L’échec du Rafale en Suisse n’en est peut-être pas un.
La Confédération helvétique a choisi le Saab Gripen pour remplacer ses Northrop F-5 Tiger. Un marché modeste, de 22 avions, d’une valeur d’un peu plus de 3 milliards de francs suisses, que l’on dit chargé de symboles. Et qui constituerait un échec commercial cuisant tout à la fois pour Dassault Aviation et le consortium européen Eurofighter. La réalité est incontestablement plus nuancée.
Quels que soient les arguments avancés par les différents protagonistes, deux grands repères sautent aux yeux. Le premier est qu’il s’agit d’un arrangement entre deux pays qui cultivent astucieusement leur vraie-fausse neutralité.

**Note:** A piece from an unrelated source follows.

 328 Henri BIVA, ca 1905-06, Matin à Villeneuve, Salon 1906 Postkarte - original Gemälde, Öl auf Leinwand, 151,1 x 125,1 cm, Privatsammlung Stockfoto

Si tel n’était pas le cas, Saab Aircraft ne serait plus présent, d’autant que l’avionneur suédois est sorti de longue date du marché civil.
La politique a peu joué, dit-on, dans le choix du Gripen. Mais il ne fait pas de doute que les autorités de Berne étaient intéressées par cette neutralité, un argument non chiffrable, bien sûr, mais qui n’en avait pas moins établi une forme discrète de complicité entre négociateurs. Par ailleurs, on est en droit de se demander comment les Suisses auraient pu justifier le choix du Rafale ou encore celui de l’Eurofighter.

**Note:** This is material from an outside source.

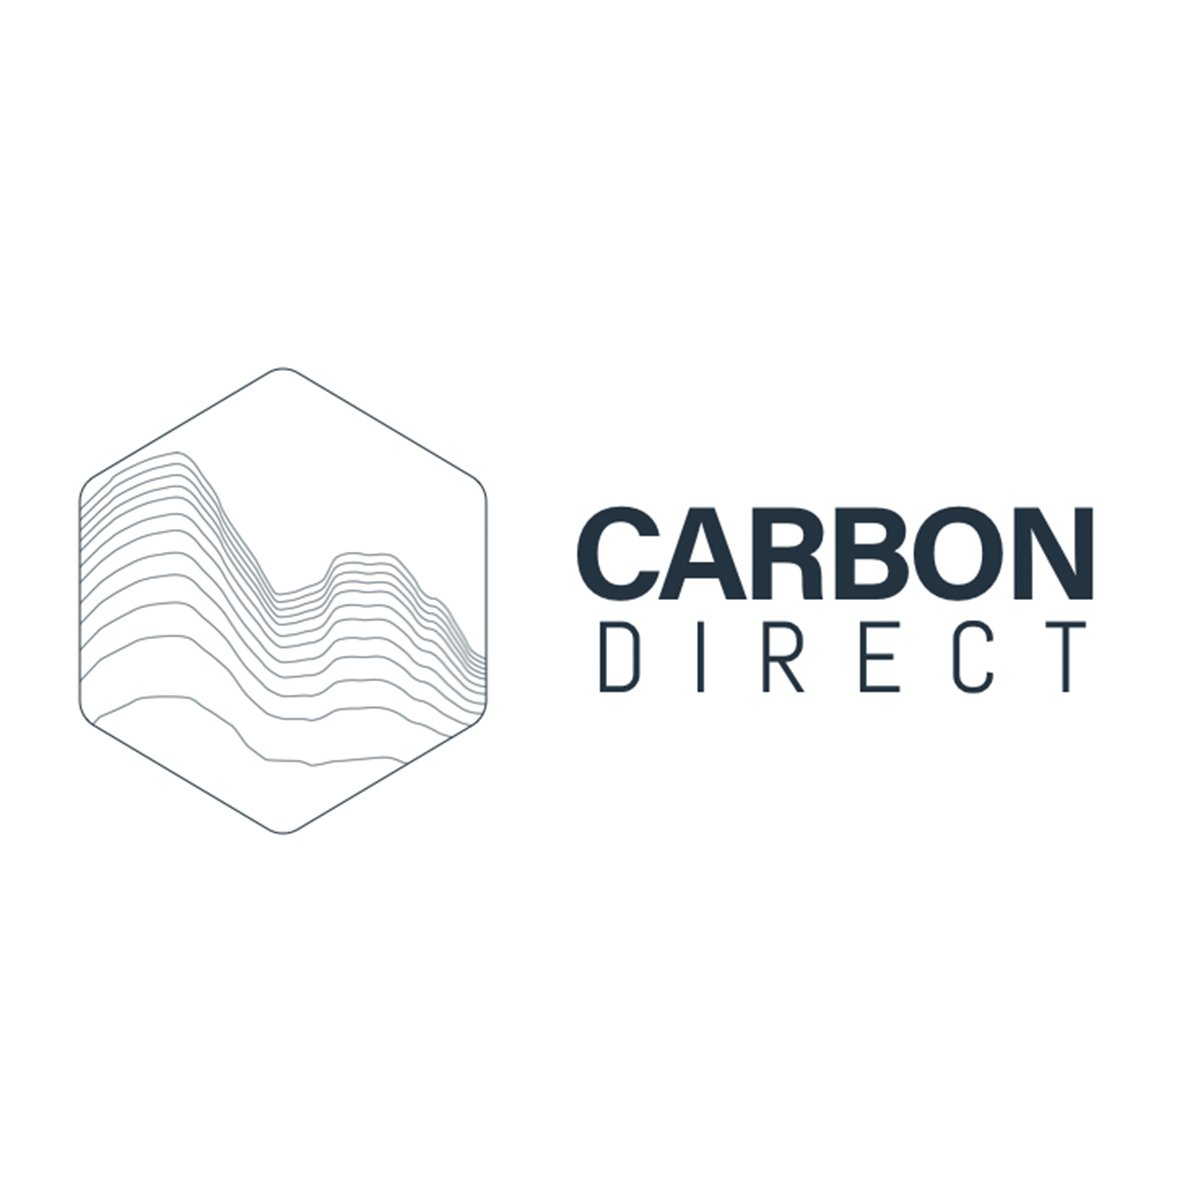 CarbonDirect.jpg

Ces deux rivaux, plus différents qu’il ne le paraissent à première vue, pouvaient en effet être considérés comme «surqualifiés», trop performants, trop sophistiqués et, bien sûr, trop chers. La facture, dans un cas comme dans l’autre, aurait probablement été plus élevée de 25% au moins. Or la Suisse est le paradis européen des financiers et celui de la stratégie dite de «value for money».
Moins performant, certes, le Gripen affiche des performances sans aucun doute suffisantes pour le rôle qui va lui être confié. Le F-5 Tiger, même remis dans le contexte de l’époque lointaine où il était apparu sur le marché, n’était d’ailleurs pas considéré pour autre chose d’un minimum acceptable. Il y a donc là une certaine forme de constance dans l’expression des besoins opérationnels.
Le cheminement de pensée tenu à Berne rappelle celui du Pentagone, dans les années soixante-dix : pourquoi mettre systématiquement en oeuvre des avions de combat biréacteurs très sophistiqués, d’un prix élevé, là où des appareils plus simples, monoréacteurs, peuvent assurer les missions ? Les Américains avaient ainsi formulé le «low mix», en pratique la cohabitation du «gros» F-15 et du petit F-16, léger dans tous les sens du terme.
Il suffit de prendre en considération la liste des acheteurs du Gripen : Afrique du Sud mise à part, il s’agit d’armées de l’Air souffrant chroniquement de sérieuses contraintes budgétaires et sans ambitions géopolitiques planétaires, Tchéquie, Hongrie, Thaïlande. Et, bien sûr, la Suède elle-même.
Si Dassault Aviation a commis une erreur, c’est d’avoir fondé de grands espoirs sur le marché suisse et de l’avoir fait savoir. Et cela bien que les dirigeants de leur concurrent suédois aient laissé percé un soupçon de surprise en apprenant leur victoire.
L’épreuve, le moment de vérité, c’est en Inde et aux Emirats qu’il interviendra. Et, en cas d’échec, les conséquences prendraient alors une tournure dramatique pour l’avenir commercial et industriel du Rafale. A Berne, rien de tel.